Repeat only the lines below that run from the line with "Custom Drapes in Kate Spade Owlish in Black" to the line with "ムス委任する通知する粘土&植物フェイスマスクの浄化(100グラム) x4 - Natio", ends included; skip every picture.

The data:
****

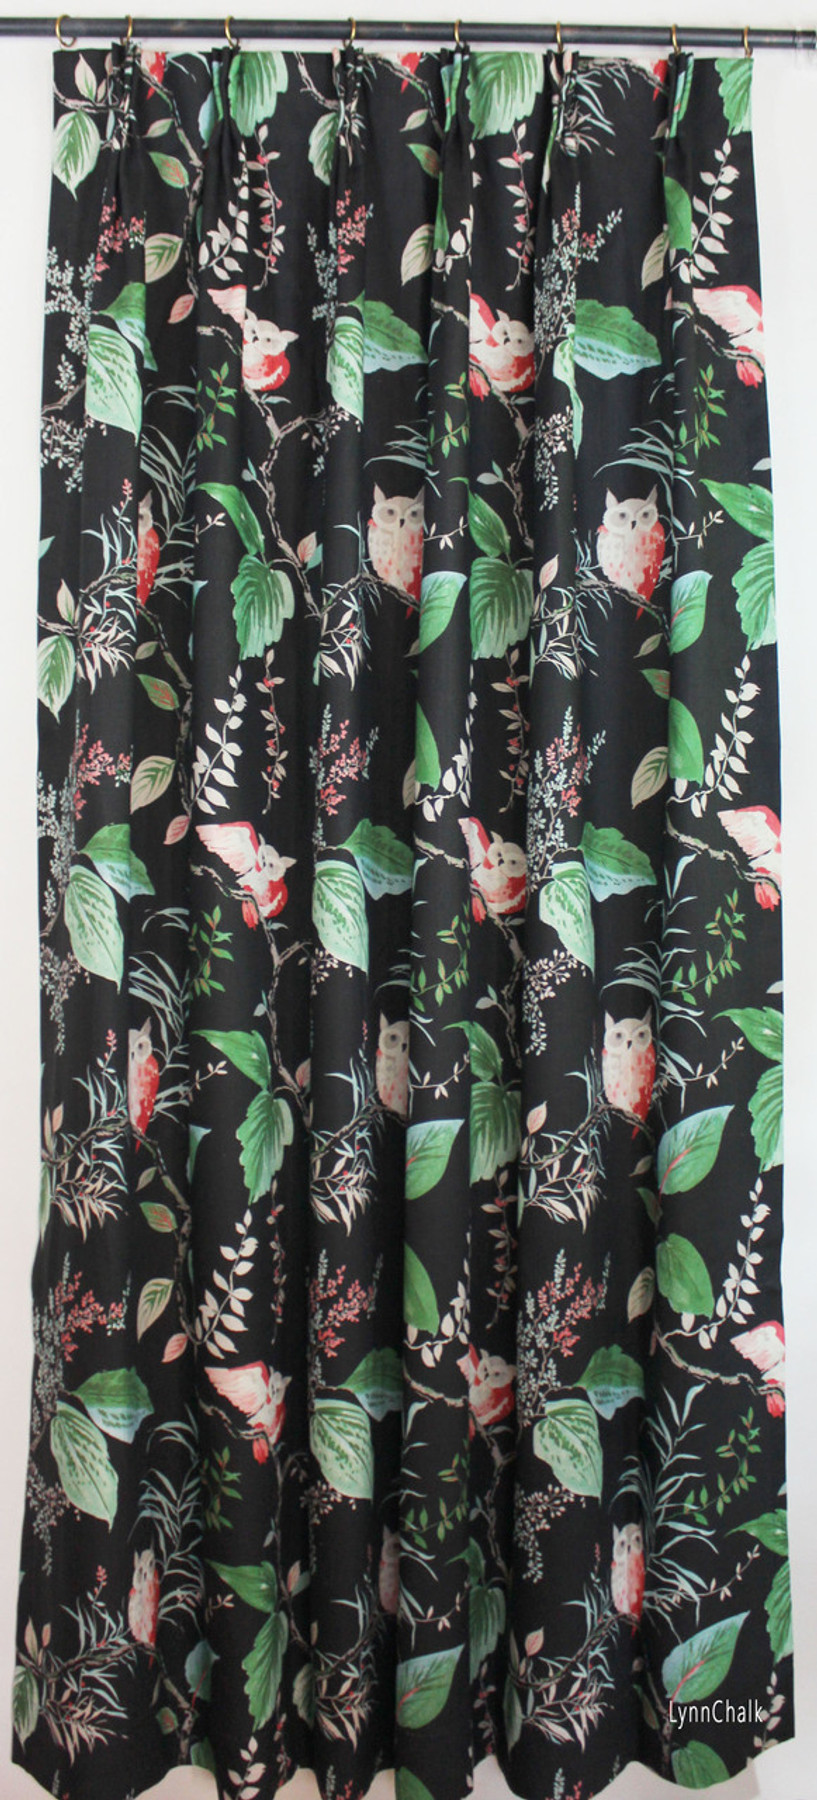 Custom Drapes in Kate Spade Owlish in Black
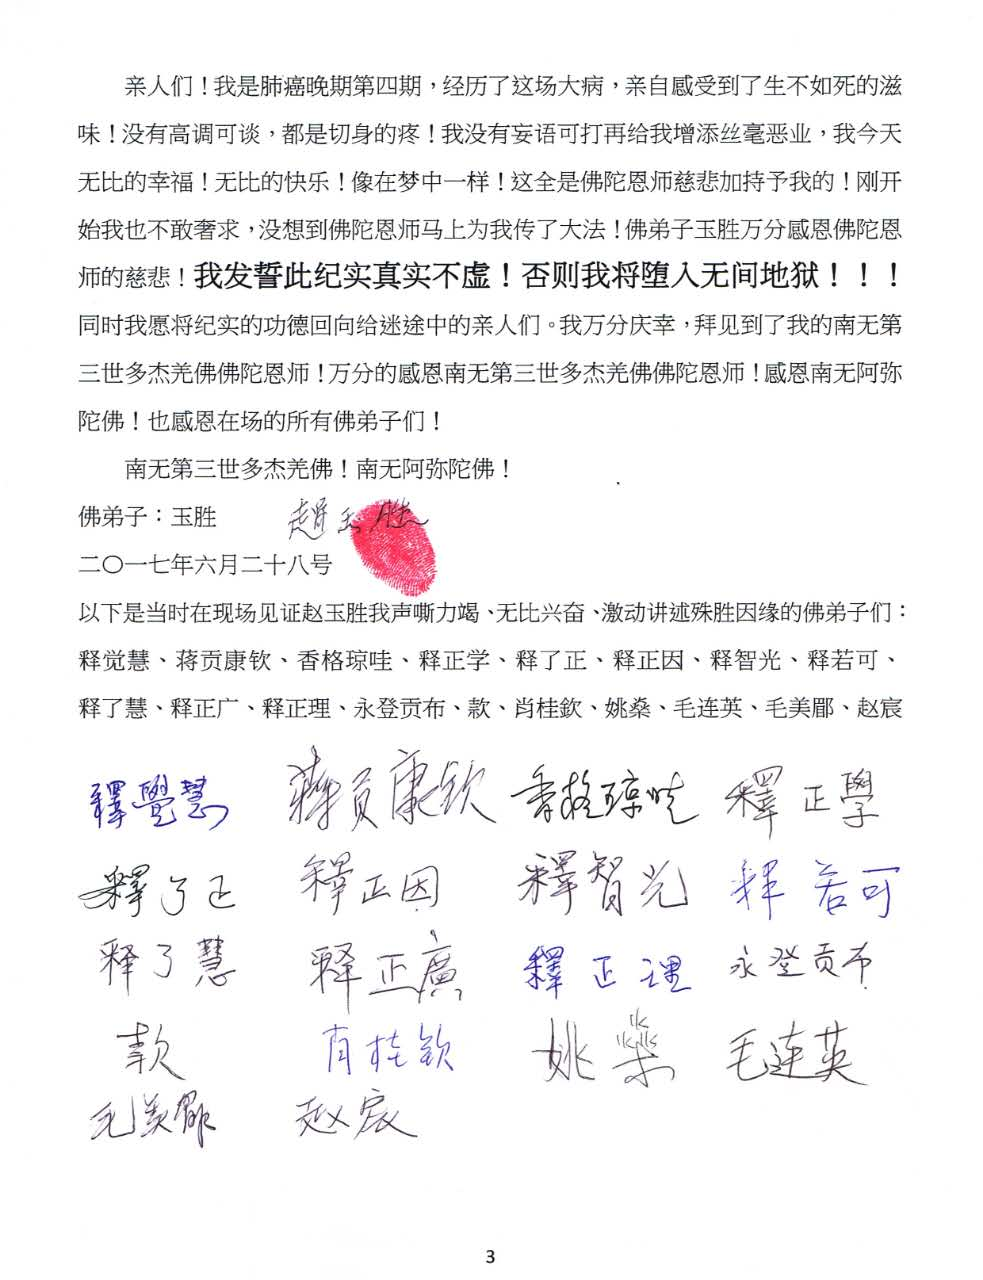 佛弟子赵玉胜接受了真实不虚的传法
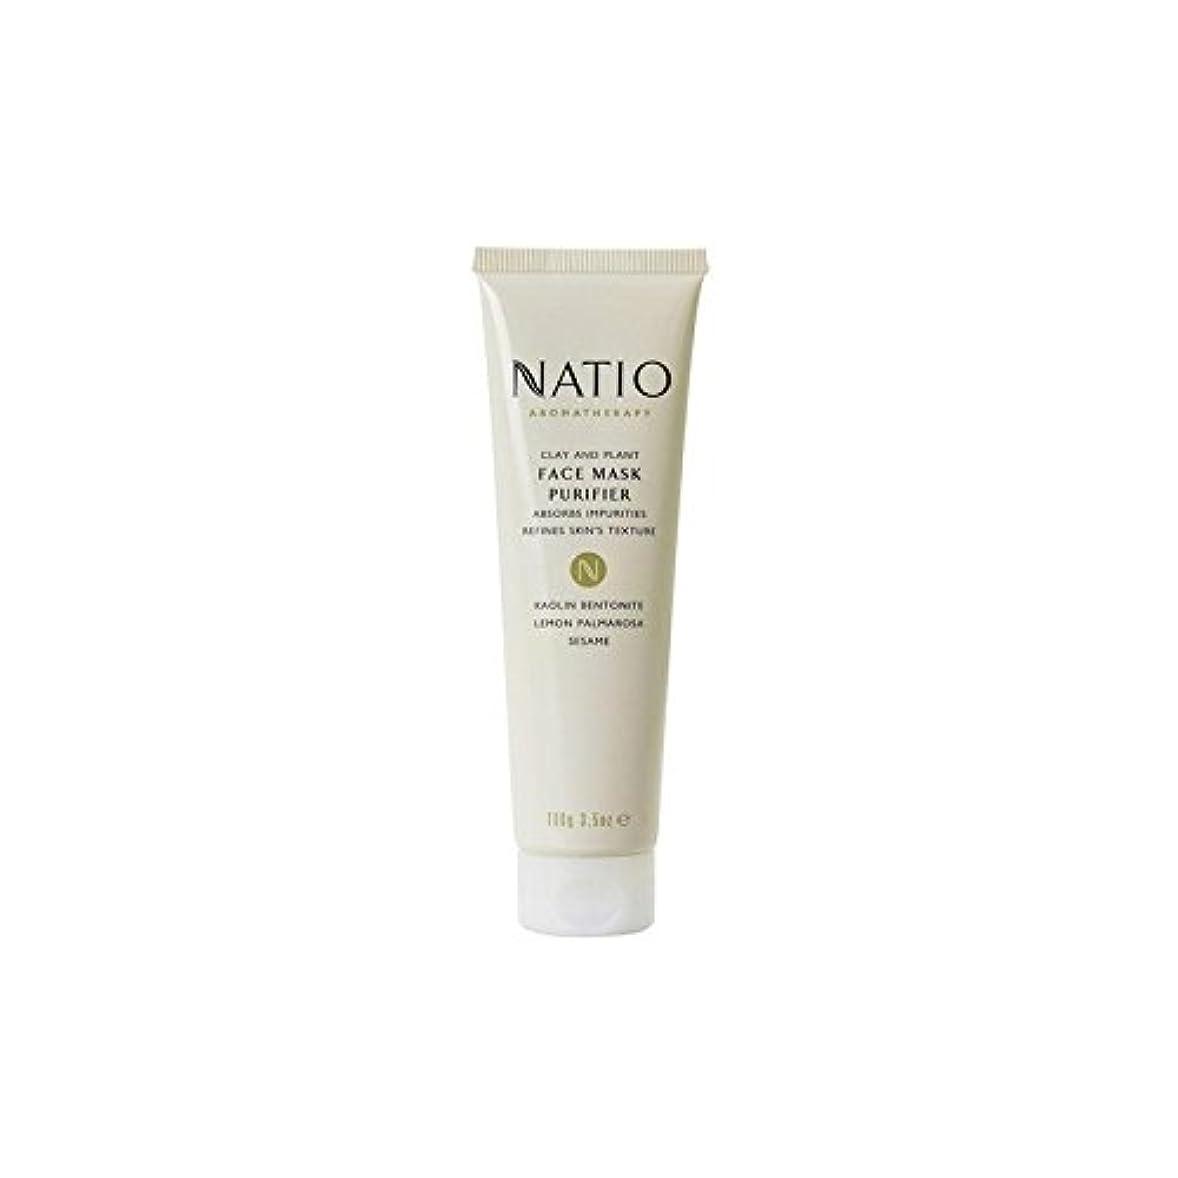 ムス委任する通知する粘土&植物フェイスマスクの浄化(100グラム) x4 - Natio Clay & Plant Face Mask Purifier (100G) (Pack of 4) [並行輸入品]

****

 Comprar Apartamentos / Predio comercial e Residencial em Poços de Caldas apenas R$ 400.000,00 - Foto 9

****

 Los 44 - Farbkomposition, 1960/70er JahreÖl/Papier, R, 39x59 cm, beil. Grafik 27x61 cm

****

Answer to this problem:
 Custom Drapes in Kate Spade Owlish in Black
 佛弟子赵玉胜接受了真实不虚的传法
 ムス委任する通知する粘土&植物フェイスマスクの浄化(100グラム) x4 - Natio Clay & Plant Face Mask Purifier (100G) (Pack of 4) [並行輸入品]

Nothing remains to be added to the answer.